La primera vez que conocí a mi actual pareja y, por cierto, a mi nuevo hermanastro, tenía veinticuatro años, una madre casada de dos hijos con un mínimo de confianza y aún menos experiencia en la vida. Mi ahora novio tenía veintiocho años, acababa de salir de un compromiso difícil y disfrutaba al máximo de su soltería. Nuestras situaciones no podían ser más diferentes, pero casi inmediatamente me cayó bien. Nos reíamos con facilidad, mis hijas tiraban de sus manos, y en él percibí esa misma bondad inherente que leí en su padre, el conocimiento imposible de que era alguien con quien se podía contar. Y a medida que nuestra amistad se desarrollaba, con el tiempo se hizo tan cercano a mí como un hermano, llamando o enviando mensajes de texto al azar para pedir consejo sobre relaciones, o impartir una gran historia, o reírse de las travesuras de nuestros padres.
Aceptar el amor
Pero el amor encuentra un camino. Más tarde, cuando mi matrimonio se deshizo, las llamadas y las visitas se volvieron menos superficiales y más solidarias; me enviaba vídeos divertidos por la mañana para que me despertara y me riera, o se pasaba por allí con la pretensión de necesitar ayuda él mismo, pero rápidamente me presionaba sobre mi propio estado emocional. En medio de mi divorcio, una situación en la que parecía que todos los hombres de mi vida estaban desapareciendo -además de perder a mi marido, mi propio padre no me hablaba, mis hermanos estaban dolidos y distantes, y ya no tenía suegros-, encontrar un hombre que fuera testigo de lo peor de mí y aceptara todas mis imperfecciones sin juzgarme fue poco menos que milagroso. Era guapo, amable, exasperante y maravilloso, y me devolvió la fe en la población masculina en un momento en el que la necesitaba desesperadamente.
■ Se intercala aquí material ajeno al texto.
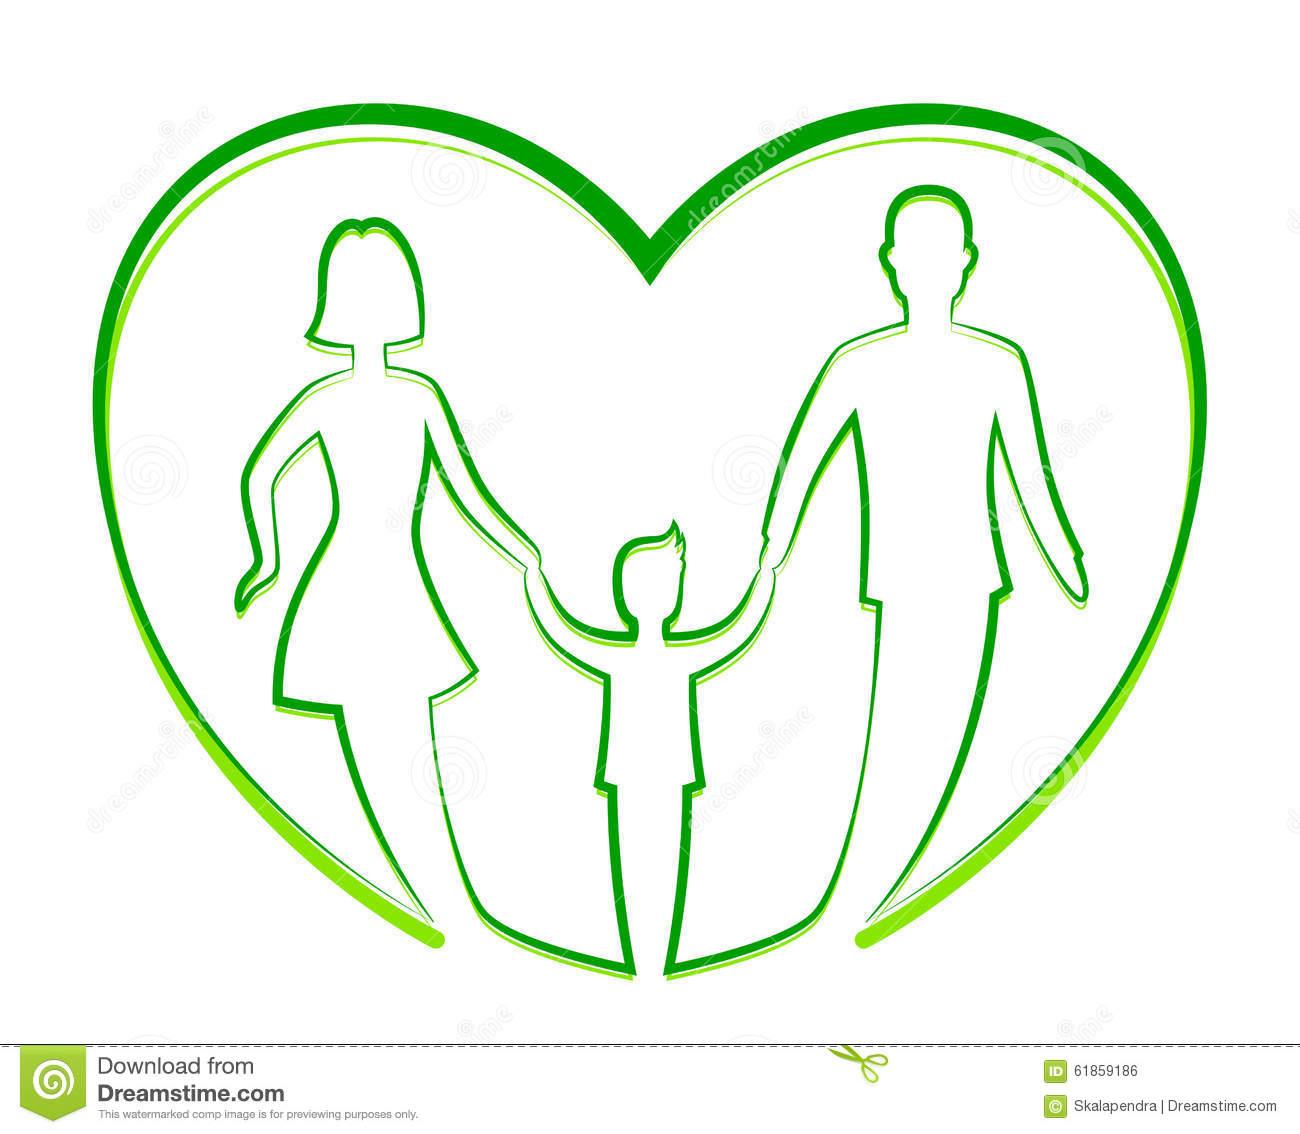 Family unity stock vector. Illustration of charity, adoption.

¿Se supone que nos enamoramos? Probablemente no. En un mundo ideal, ambos habríamos encontrado parejas más sensatas: unas que no estuvieran, como bromeó más tarde mi hermana, «nadando en la piscina familiar». Pero cuanto más mayor me hago, más empiezo a darme cuenta de que nada ocurre como esperamos; la gente cambia, y toma decisiones descabelladas, y se desenamora, y va a rehabilitación. Vivimos en una época increíblemente extraña, de cambios y tragedias abrumadores y de una incertidumbre casi debilitante, y lo único que puede hacer cualquiera que intente sobrevivir a ella es escuchar sus instintos y aferrarse con fuerza a un sentido personal de la verdad moral. Para mí, eso significa prestar atención cuando mi corazón me habla, y ser lo suficientemente valiente como para acceder a sus demandas.
Y en última instancia, hay algo que decir de un amor que perdura a pesar de las abrumadoras probabilidades; un amor que persiste más allá de tus propios prejuicios y creencias establecidas. Aunque mi pareja y yo no estamos emparentados y no nos conocimos hasta mediados o finales de la veintena, salir con un miembro de tu familia adoptiva sigue siendo extraño; el hecho de que la atracción que sentimos el uno por el otro atravesara ese enorme bloqueo mental dice algo sobre su poder. Y aunque Josh y Cher lo hicieron parecer fácil en Clueless, y Kathryn y Sebastian le dieron un giro manipulador en Crueles intenciones, la realidad es que para nosotros no es ninguna de esas cosas; es algo infinitamente más complicado y especial. Encontrar una pareja que decida que merece la pena correr un riesgo tan colosal por ti -que esté dispuesta a cargar con el peso de la crítica y el rechazo públicos desde el principio- es algo que tiene una fuerza y un valor indiscutibles. Y para mí, esos son rasgos de carácter que no puedo negar o ignorar.
Aunque no voy a ir tan lejos como para afirmar que salir con tu hermanastro es normal, hay algo en todo esto que se siente como una serendipia, que me da fe en un plan más grande, aún ensombrecido, para mi vida. Y de todas las incógnitas que pululan por el mundo hoy en día, esa es una de las pocas que puedo apoyar.